Emmy Rossum began her career at seven years old in the children's chorus at the Metropolitan Opera in New York before making a name for herself in television. She broke on to the Hollywood scene very recently playing Sean Penn's daughter in Mystic River, then featuring opposite Jake Gyllenhaal in effects-laden disaster movie The Day After Tomorrow. In Joel Schumacher's adaptation of The Phantom Of The Opera she returns to her musical roots to play the tale's leading lady, opera-singer Christine.
This is your first leading role. How did you land it?
I walked off the soggy set of The Day After Tomorrow and ended up in Joel Schumacher's living room for a meeting. I had never seen Phantom on Broadway so he sent me the script and asked me for my take on it, then he flew me to New York for a screen test. It was unheard of for me to do a screen-test like this, with full costume and makeup - with two hours just to do the hair extensions - and a piano, a full cast and crew, and a sweeping camera with Joel Schumacher in the corner yelling, "Action!" I was pretty shaken with nerves but I did the best I could. Actually I didn't think I would get it just because it was too big. Parts like these in big Hollywood movies are not given to girls my age - I was 16 when I auditioned - and there were girls who were much more famous who auditioned for it. But a week later I got to sing for Andrew Lloyd Webber and I got it!
Was your meeting with Andrew Lloyd Webber as intimidating as the screen test?
You know it was funny - there were no pleasantries. I was vocalising with the accompanist and he just walked into the room and sat down in front of me and said, "Shall we?" He didn't introduce himself or anything and I just thought, "Oh. Okay, that must be my cue." So I nodded to the accompanist and I sang a couple of songs from the show and afterwards he stood up and said, "Hi. I'm Andrew." But when I did get the part we talked closely together and I realised that he's just very shy.
You sang at The Metropolitan Opera earlier in your career so that must have stood you in good stead...
I had classical training but I don't consider myself an opera singer though, and this is more a hybrid of pop and classical music. I basically developed the character from my imagination. I went to the Garnier opera house in Paris and I stood on the roof where Christine stands to sing All I Ask Of You, so I developed sense memories like that. Then I went underneath the opera house and hung out in the lair and there is actually a lake underneath and it's dark and foggy so it's really kind of scary down there. I went to the Musee d'Orsay and looked at Degas' paintings of ballerinas to learn how to stand like them.
Was there a sense of camaraderie on the set?
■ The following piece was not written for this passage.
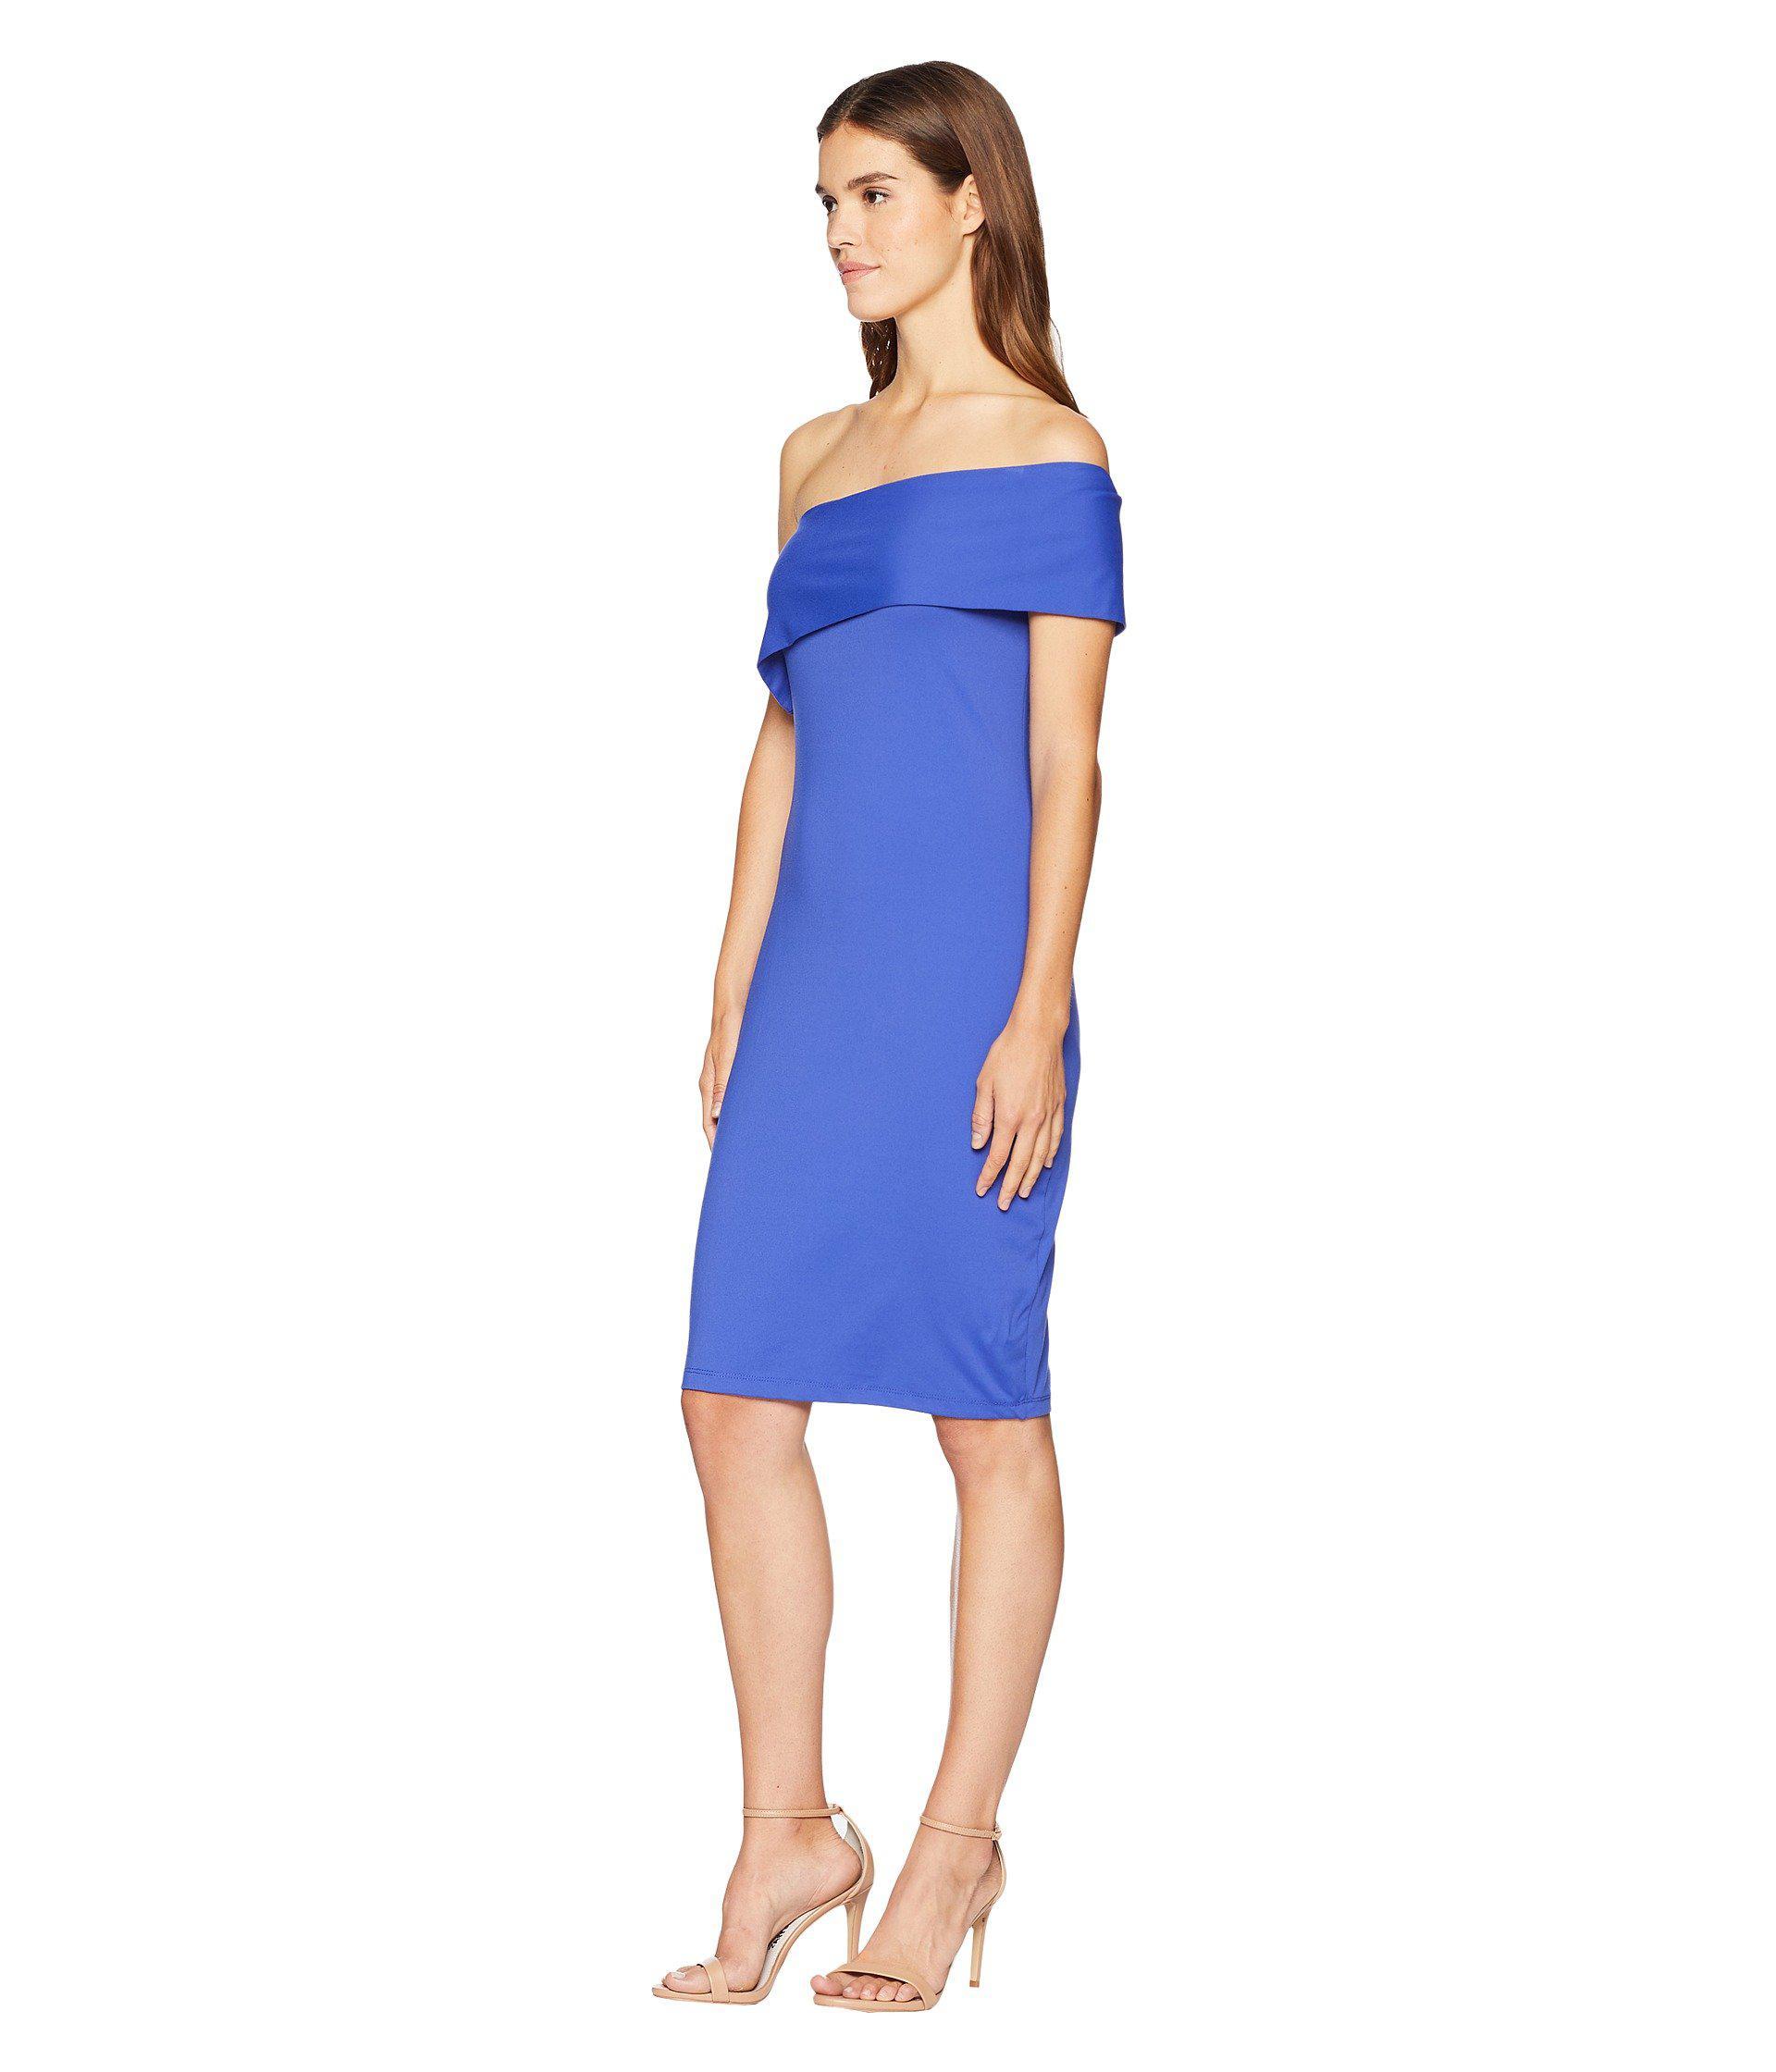 e4065b7a10970 Lyst - Susana Monaco Adriana One Shoulder Fold-over Dress in Blue - Save 30%

So much so and that's amazing because on some sets, people don't get along very well at all. Here we spent so much time together - eight months of our lives almost - and it was so great because we all got so close and that really made us not afraid to improve with each other. We could just back up the scene and throw lines out there to see what happened and Joel was really encouraging of that as well.
You sing pretty much all of the dialogue. How do you keep the performance from becoming too theatrical?
Because that was the most important thing to me. When I talked to Joel about it I said that the one important thing for me was that she is the one real centre in all this theatricality. She has to be like a real girl who is compassionate and loving and somebody that people can really relate to. She's lonely and wounded and very vulnerable and it really is a story about people at the heart of it all. It is very grand and sumptuous and awesome to look at but it was really about the characters for me.
Did you have some trepidation about carrying the weight of this film?
Yes. It's heavy! It was very heavy on my shoulders. But Joel gave me so much encouragement and telling everyone how great I was going to be that, on the one hand, it put even more pressure on me, but on the other hand it gave me the confidence to make those emotional leaps that the character has to go through. I feel like I've come out of this grown up, maybe because I live through the character vicariously and she grows up so much during the course of this story.
Do you see this role as a bridge to more mature roles?
It wasn't my intention in going after this part but I suppose now I do. The adult roles are a lot meatier - you're not always just the daughter or the girlfriend or whatever. If I can't find a project that I'm really interested in, I'll just go back to college where I've been studying art history and French. I'm also going to study English and philosophy - the whole curriculum! Music is also a part of who I am so I'm thinking about recording an album.